In October 1914, the cinema "Odeon Lichtspiele" was founded in Herzogstraße 1, which was taken over in 1967 as "ABC-Kino" by Thomas and Steffen Kuchenreuther.

Andreas Baader, German terrorist of the late 1960s and 1970s, grew up with his mother together with a painter in the Herzogstraße. The director, Helmut Dietl lived in the mid-1960s in the Herzogstraße.

In 1967/68, the artist group Geflecht-Keller with Lothar Fischer, Heimrad Prem, Hans Matthäus Bachmayer, Reinhold Heller, Florian Köhler, Heino Naujoks, Helmut Rieger, Helmut Sturm and HP Zimmer, founded a studio in Herzogstraße. In 1975, twelve artists founded the "Kollektiv Herzogstraße", named after their joint studio there, with the aim of promoting the expressive abstraction of the artist groups CoBrA, SPUR and WIR: Heimrad Prem, Helmut Sturm, Hans Matthäus Bachmayer, Dietrich Bartscht, Heiko Herrmann, Thomas Niggl, Armin Saub, Diri (Dieter) Strauch and Heinz Weld. In contrast to the groups of the 1960s, Renate Bachmayer, Jutta von Busse and Ursula Strauch-Sachs were also included as female painters. Margit Krauss, who founded the folk-beat duo 'Peter & Margit' in 1968 with her former classmate Peter Maffay, also lived in Herzogstraße.

From 1978 to 1986, there was the Rigan Club in the Herzogstraße 82, where it came to live performances, of for example, The Searchers, The Marmalade, the Bay City Rollers, Nina Hagen and Mike Oldfield.
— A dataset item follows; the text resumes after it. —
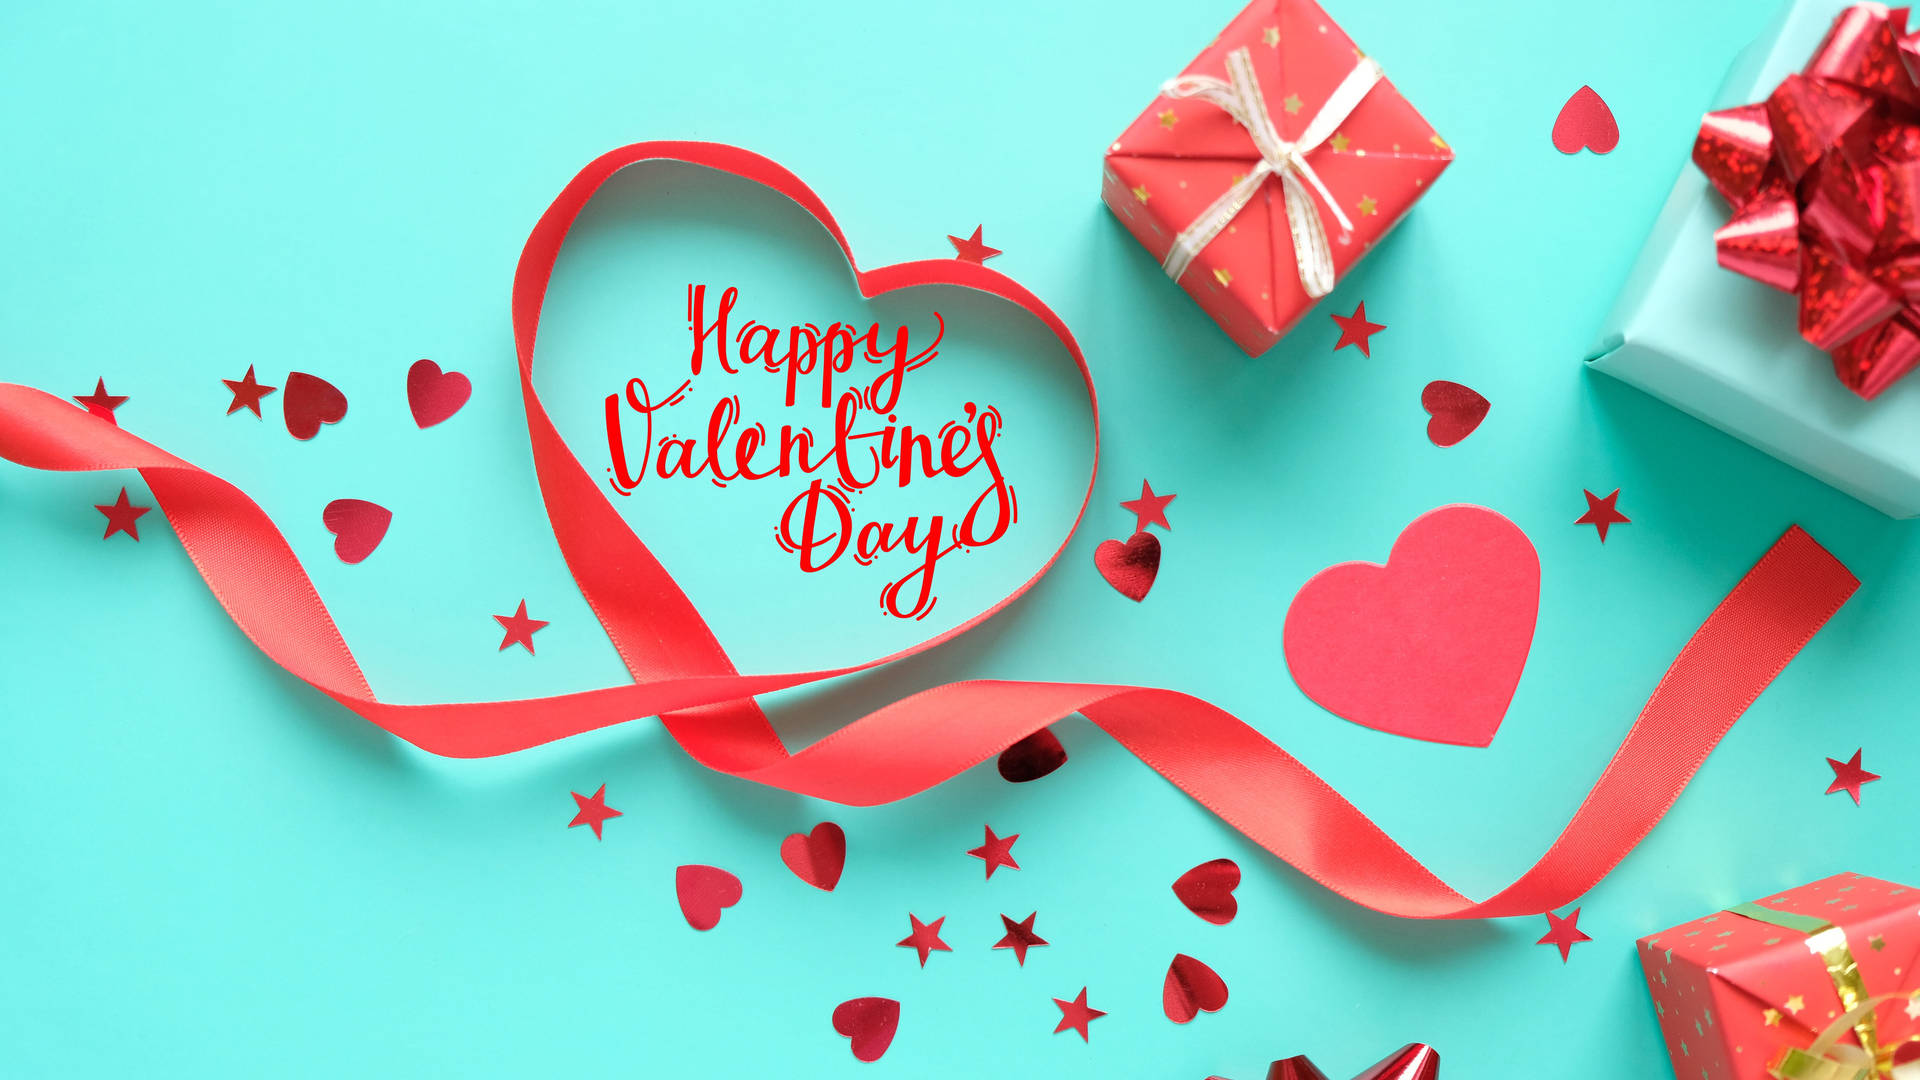 Teal Happy Valentine’s Day Wallpaper

In 1985, Franz Georg Strauss founded the private TV channel TV Weiß-Blau in Herzogstraße. Transregional resonance was also given to the cloud house of architect Walter Winkelmann at the corner of Siegfried- /Herzogstraße, as a Hippie center in the early 1970s, the outer walls were painted entirely with clouds.